For the restaurant thematic similarity network, communities show higher level of spatial proximity (Figure 6b and Figure 7b). One of the most prominent of such is that of Community 3, which is shown in Figure 6b clustered in Downtown Manhattan. Primary topics of community 3 (Figure 7b) are “pub” and “eatali” (Eataly food market), and “financi district” (financial district). In addition, tracts of Community 8 have close geographic proximity as well. This is evident from the map of Figure 7b, where most of the tracts in Community 8 are located between Downtown and Midtown Manhattan. Community 8 has Topics 14 and 32 featuring word stems such as “greenwich_villag” (Greenwich Village), “west_villag” (West Village), “japanes” (Japanese), and “bagel”. Similarly, Community 17 has Topic 36 that can be interpreted as Central Park related even though it has the common Topic 32 that shows up across many other communities (e.g., Community 2, 8, 10, 14, and 17). Interestingly, communities from TripAdvisor attractions network have counterparts from the restaurants network communities. For example, Community 13 from attraction network and Community 44 from restaurant network are about Harlem, which can be seen from the geographic clusters on the map and their dominant topics. A similar finding is for the theater district, which appears in both Community 12 of attraction network and Community 23 of the restaurant network. This suggests that people’s dining experiences can be intertwined with the characteristics of the surrounding attractions or vice versa.
Turning to the results of the Twitter thematic similarity network, one of the most noticeable pattern is that of Community 10 (i.e., the blue community in Figure 6c) which dominates this network. Unlike the communities in Trip Advisor attractions and restaurants where there is a more even distribution of community sizes. Furthermore, communities from the Twitter dataset have more diverse topics than that of restaurant and attraction networks from TripAdvisor (Figure 7c). This could partly due to the distinction between Twitter and TripAdvisor as data sources for studying places. In that TripAdvisor reviews are directly about places but this is not necessarily the case for Twitter, which is a more generic social media platform where users can contribute a whole variety of topics [13]. Therefore, some topics (e.g., Topic 54 and Topic 60 in Figure 7c) from Twitter are not about places but relate to news or social and political discussions. This indicates that although geolocated tweets can be used to study people’s perceptions and experiences about places, it needs to be used with awareness that the texts may need to be filtered. The results in Figure 7c shows that it is viable to use topic modeling to filter out the non-related topics (e.g., Topic 54 which relates to police reporting and New Jersey). The reason could be that tweets pertaining to social discussions often use different vocabularies than texts directly about places. Since topic modeling is a bag-of-words approach, the model is sensitive to vocabularies and thus can “tell them apart” as separate topics.

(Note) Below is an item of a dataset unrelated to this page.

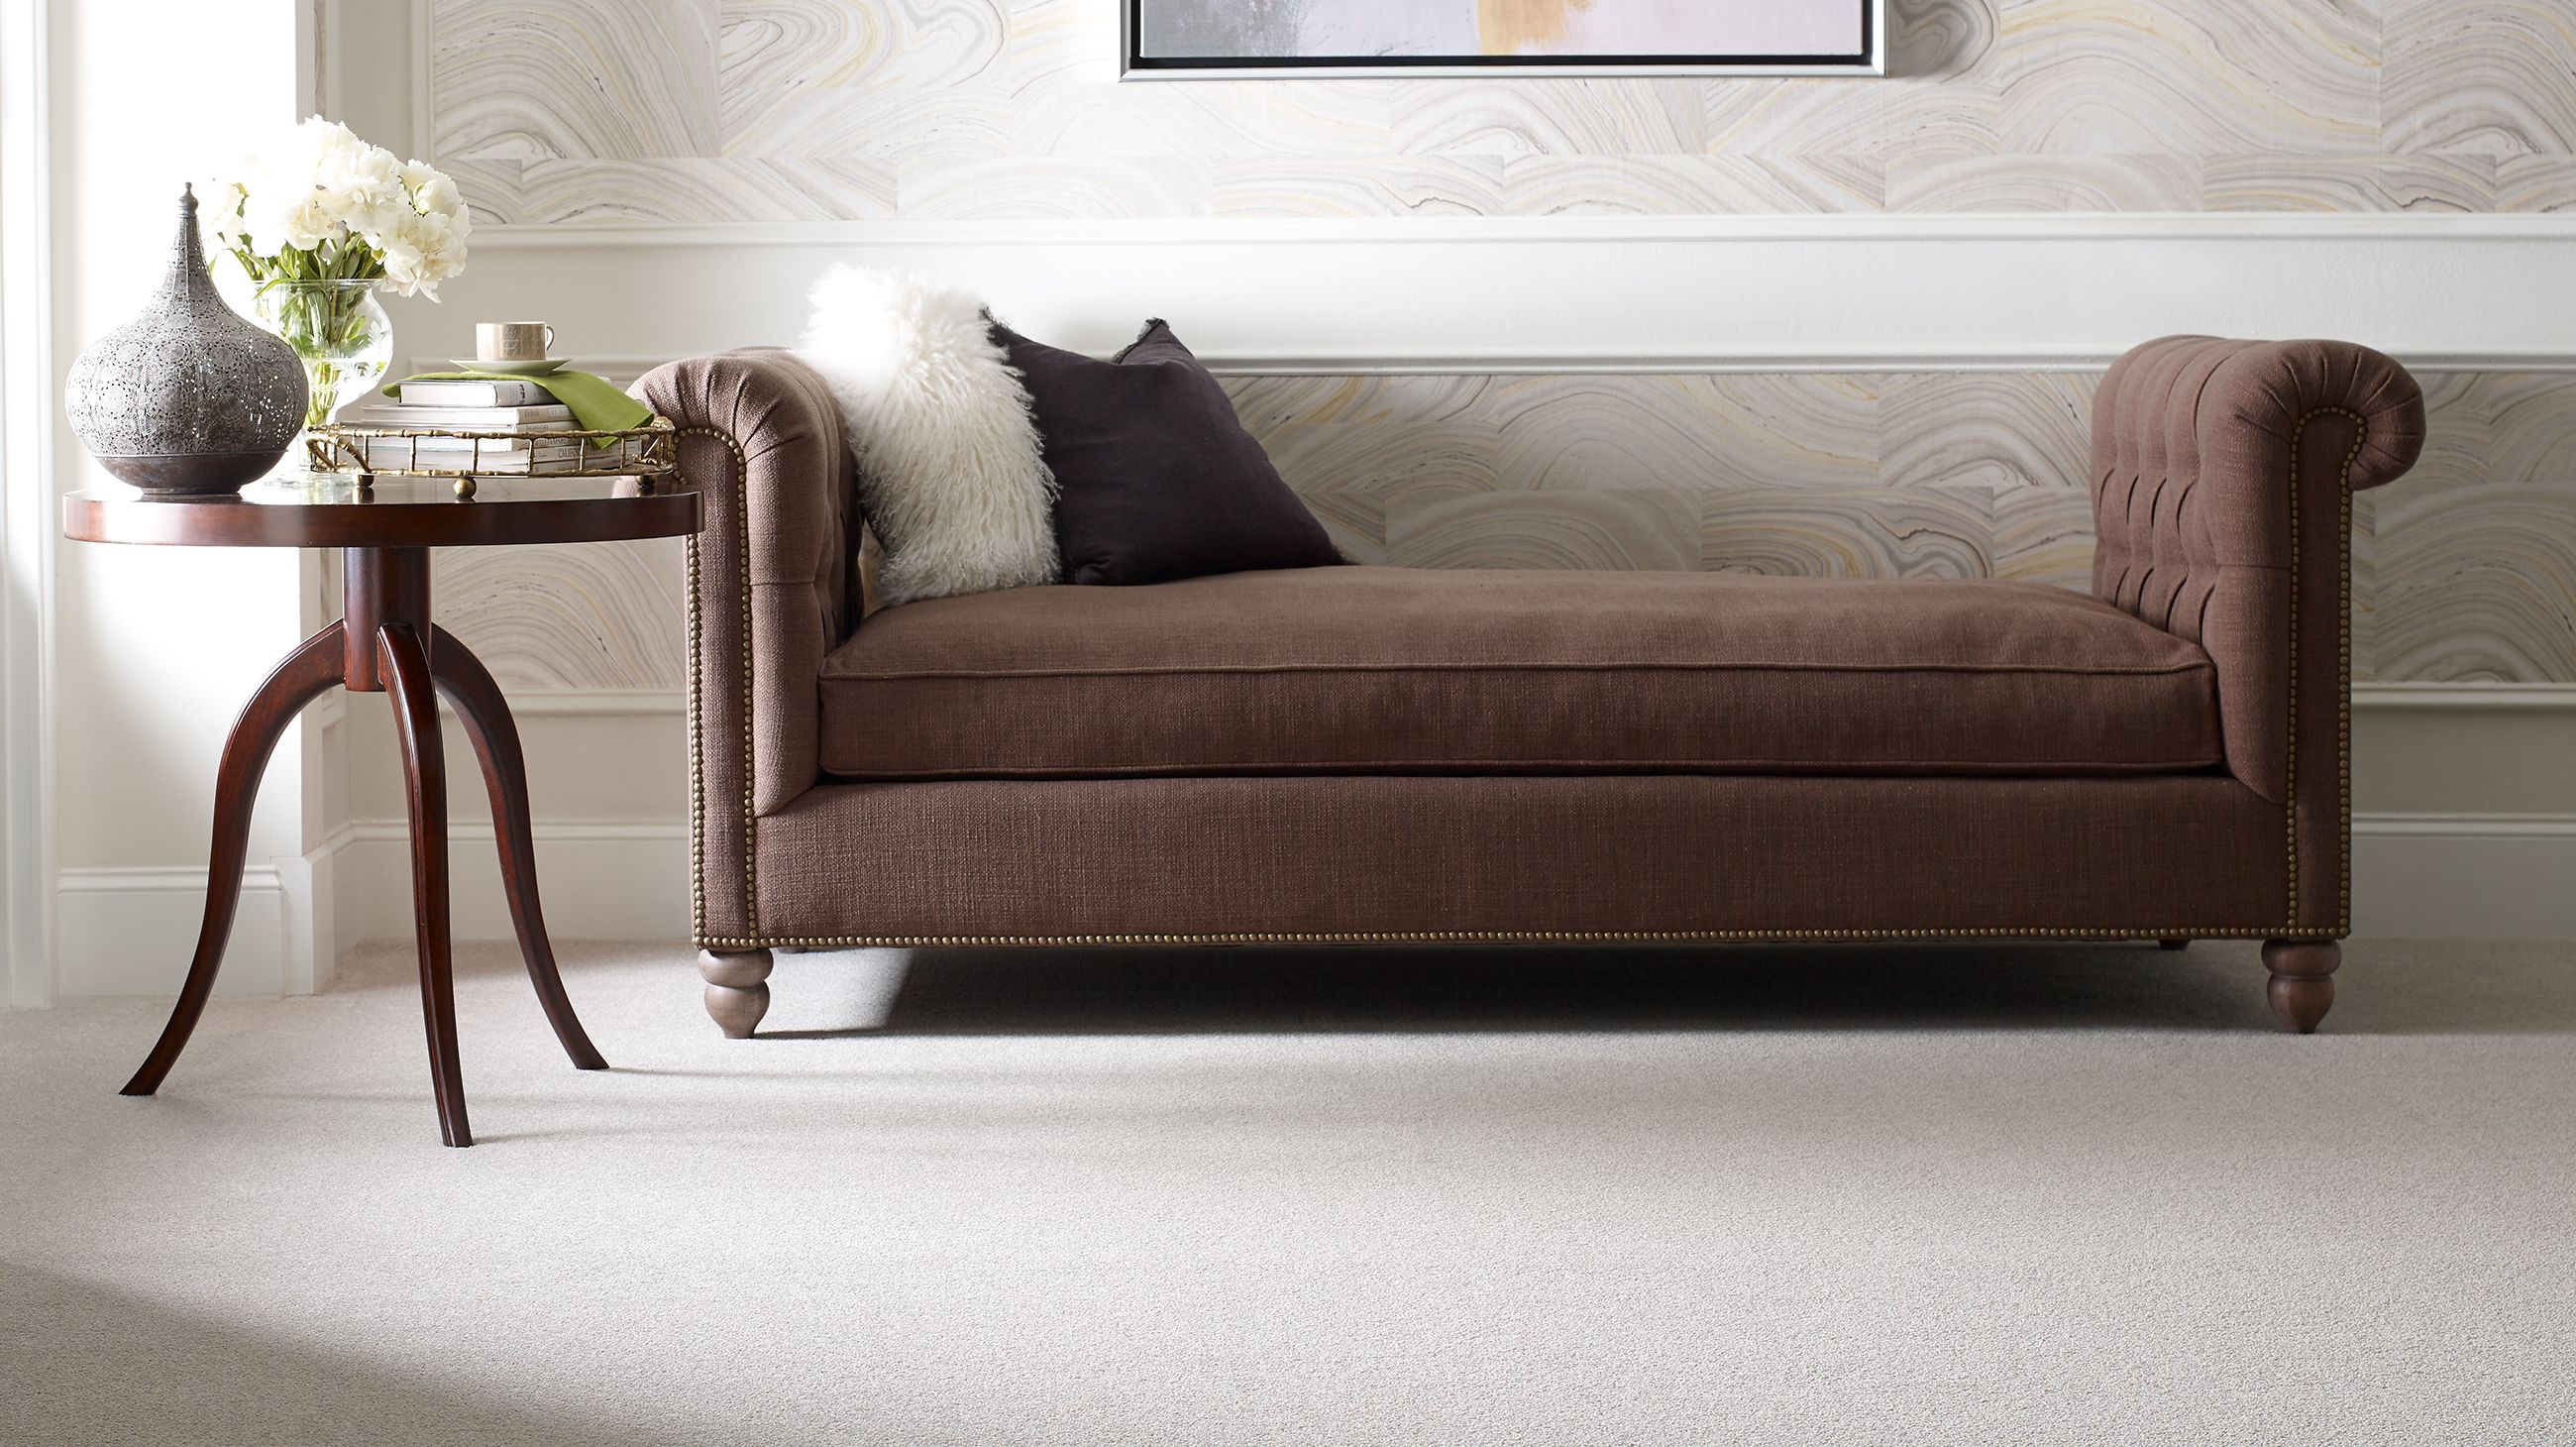 Assorted Sergenians Carpet Header 2600x1460 Final Dixie Home Carpet Dixie Home Carpet Dealers houzz-03 Dixie Home Carpet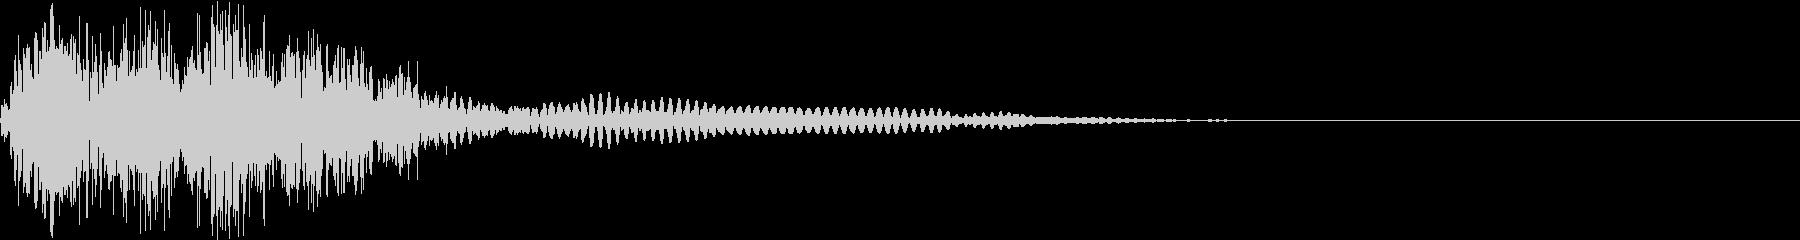 衝撃 ギター インパクト ノイズ 13の未再生の波形

5.1.2. Quantitative Test for Spatial Autocorrelation of Communities

In the previous section (Section 5.1.1), we discussed network communities and whether the communities have geographically proximate tracts. In this section, we will present the results of Moran’s I measure of spatial autocorrelation to quantify geographical proximity of the major communities in Table 4 and the Moran’s I results for all communities are found in Table A1 in the appendix. Moran’s I is a measure for spatial autocorrelation that is often applied on continuous data. To measure each community’s autocorrelation level, we therefore encoded tracts of a specific community as 1 and all the other tracts as 0. We defined neighborhood using Queen’s contiguity, i.e., any polygons (i.e., tracts) that shares a point-length border are neighbors.
Among the three networks, all the major communities from the TripAdvisor restaurant network have statistical significance in their spatial autocorrelation results (Table 4). Communities 3, 8, 10, 23, and 44 of the restaurant network have spatial autocorrelation at the 99% confidence interval, which are generally about pubs, west village, vegetarian Indian, theater, and Harlem respectively. These results inform us that these geographic clusters in Manhattan have their own restaurant culture, manifested by the topical summaries from TripAdvisor reviews. Other major communities from the restaurant network (i.e., Communities 2, 13, 14, and 17) also show statistical significance (at a confidence interval of over 95%) in their spatial autocorrelation results. These communities have relatively lower scores from Moran’s I test, which can be observed on the map as they are more spread out over Manhattan. For the attraction network, Communities 4, 6, 12, and 13 have spatial autocorrelation and have topics pertaining to zoo/High Line/kid, cathedral/gallery, Broadway/seat/venue, and Harlem/Broadway, which can summarized from word clouds in Figure 7a. Therefore, attractions from these communities are more of a mixture of many different topics, which also explained the reason of the Moran’s I for the attraction network being relatively lower than that from the restaurant network. Similarly, for the Twitter thematic network, besides the biggest community (i.e., Community 10), the others have low Moran’s I values which suggests that the topics discussed on Twitter are less correlated with their geographic locations.

5.2. Enriching Network Communities with Geodemographic Attributes

One advantage of examining places as the Census tracts is to combine Census demographic data with the results from the derived networks. If we were to use the demographic data from the US Census such as the American Community Survey (ACS), a tract can be described by multiple variables (e.g., total population, mean household income, education attainment, and marital status). An alternative is that proposed by Spielman and Singleton [61] who took the ACS data and clustered it to generate a single variable description known as a geodemographic classification (e.g., “Hispanic and Kids” and “Wealthy Nuclear Families”). We enriched our node attributes with this geodemographic classification at the tract level to explore the relationship between the network communities and their demographics.
Based on the results from Spielman and Singleton [61] shown in Table 5, most of the tracts that we study are classified as wealthy and the column “Percentage” shows percentages of tracts in that demographic classification. We use it as baseline to compare the percentage of each demographic classification for network communities. For instance, if a community has more than 22.90% of Demographic Type 8, based on Table 5, we define that community to have a high proportion of low-income residents. Using this baseline, we discovered that even though Manhattan tracts are mostly rich, and the majority of low-income tracts reside in a few network communities, Communities 5, 8, and 44. From the topics of these communities, two of them are in Chinatown and Harlem, presented in Figure 8). This suggests that these low-income areas have a distinctive restaurant culture. When applying the same method to the communities from TripAdvisor attractions and Twitter thematic networks, we do not find communities with high percentages of demographic types. This implies that discussions on Twitter and TripAdvisor attractions in Manhattan do not have patterns that correspond to the characteristics of its residents.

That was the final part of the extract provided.